In the rapidly evolving field of AI, Retrieval-Augmented Generation (RAG) has emerged as a powerful technique for enhancing the capabilities of large language models. This post will guide you through the process of improving RAG systems using rerankers, with a focus on the FlashRank library. We’ll cover the basics of RAG, explore the role and benefits of rerankers, and provide hands-on Python examples to implement and compare RAG systems with and without reranking.
Quick recap: RAG in a Nutshell
RAG has become a game-changer in the world of generative AI, bridging the gap between vast knowledge bases and the dynamic capabilities of large language models (LLMs). But what exactly is RAG, and why has it gained so much traction?
At its core, RAG is a hybrid AI framework that combines the power of information retrieval with the fluency and contextual understanding of generative AI. Here’s how it works:
-
When a user poses a query, the system first searches through a knowledge base to find relevant information.
-
This retrieved information is then fed into a large language model along with the original query.
-
The LLM uses this context to generate a response that’s both informative and contextually appropriate.
This approach offers several advantages:
-
Improved Accuracy: By grounding responses in retrieved information, RAG systems can provide more factual and up-to-date answers.
-
Reduced Hallucination: LLMs are less likely to generate false or misleading information when they have relevant context to work with.
-
Customizability: Organizations can use their own knowledge bases, allowing for specialized and proprietary information to be incorporated into responses.
While RAG has proven its worth, there’s always room for improvement. As we strive for more accurate and contextually relevant responses, rerankers have emerged as a crucial component in taking RAG systems to the next level.
Leveling Up with Rerankers
What’s a Reranker, Anyway?
Imagine you’re planning a trip and ask a travel agent for recommendations. They might initially pull out a stack of brochures (retrieved information) based on your request. A reranker is like a seasoned travel expert who then steps in, quickly scans through these brochures, and reorganizes them based on what they know will be most relevant and exciting for your specific journey.

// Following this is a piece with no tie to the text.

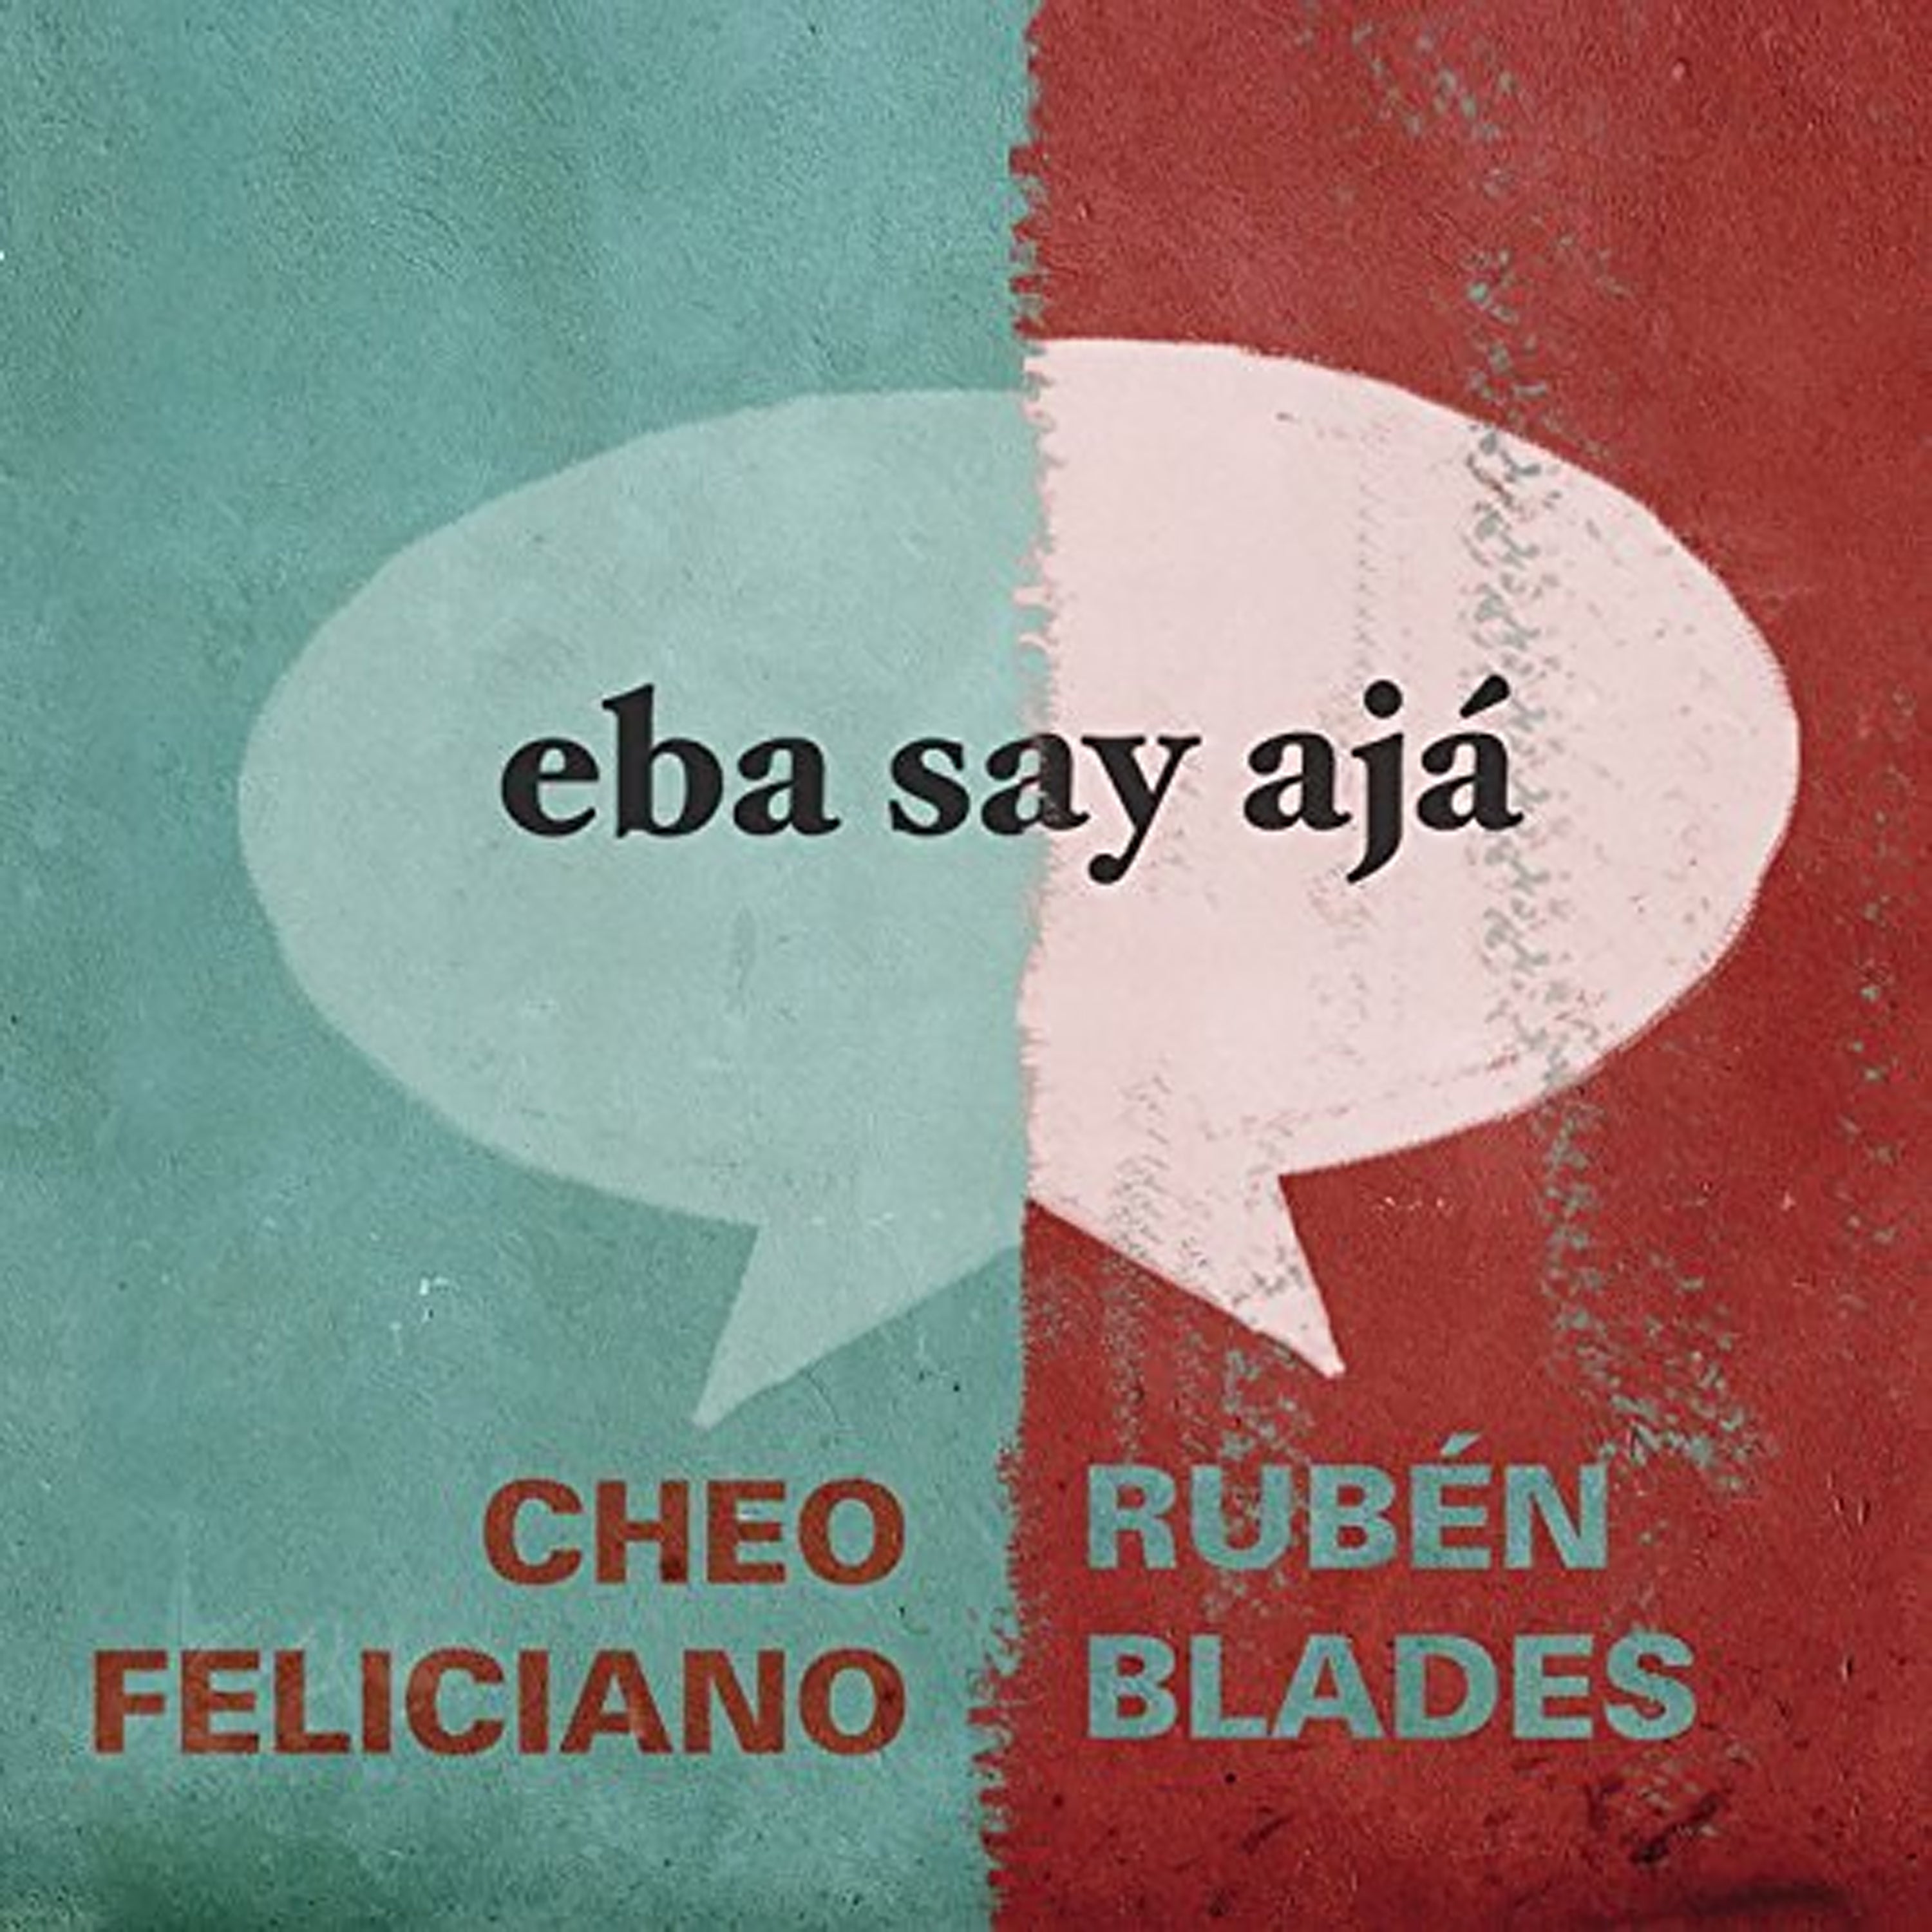 Rubén Blades & Cheo Feliciano - "Eba Say Ajá" | CD or Digital Download

In the context of RAG systems, a reranker is a specialized component that takes the initial set of retrieved documents and gives them a second, more discerning look. It’s designed to understand the nuances of relevance and can often pick up on subtle connections that the initial retrieval process might miss.
How Rerankers Enhance RAG
Rerankers bring several key benefits to RAG systems:
-
Improved Relevance and Accuracy: Rerankers refine the initial document ranking, ensuring that the most pertinent information reaches the LLM. This leads to more accurate and informed outputs while reducing noise.
-
Enhanced Contextual Understanding: By employing advanced NLP techniques, rerankers can grasp the context and intent behind a query, identifying relevant information that might not share exact keywords with the query.
-
Specialization and Personalization: Rerankers can be fine-tuned for specific domains or tailored to individual user preferences, improving performance in niche areas and delivering more personalized results.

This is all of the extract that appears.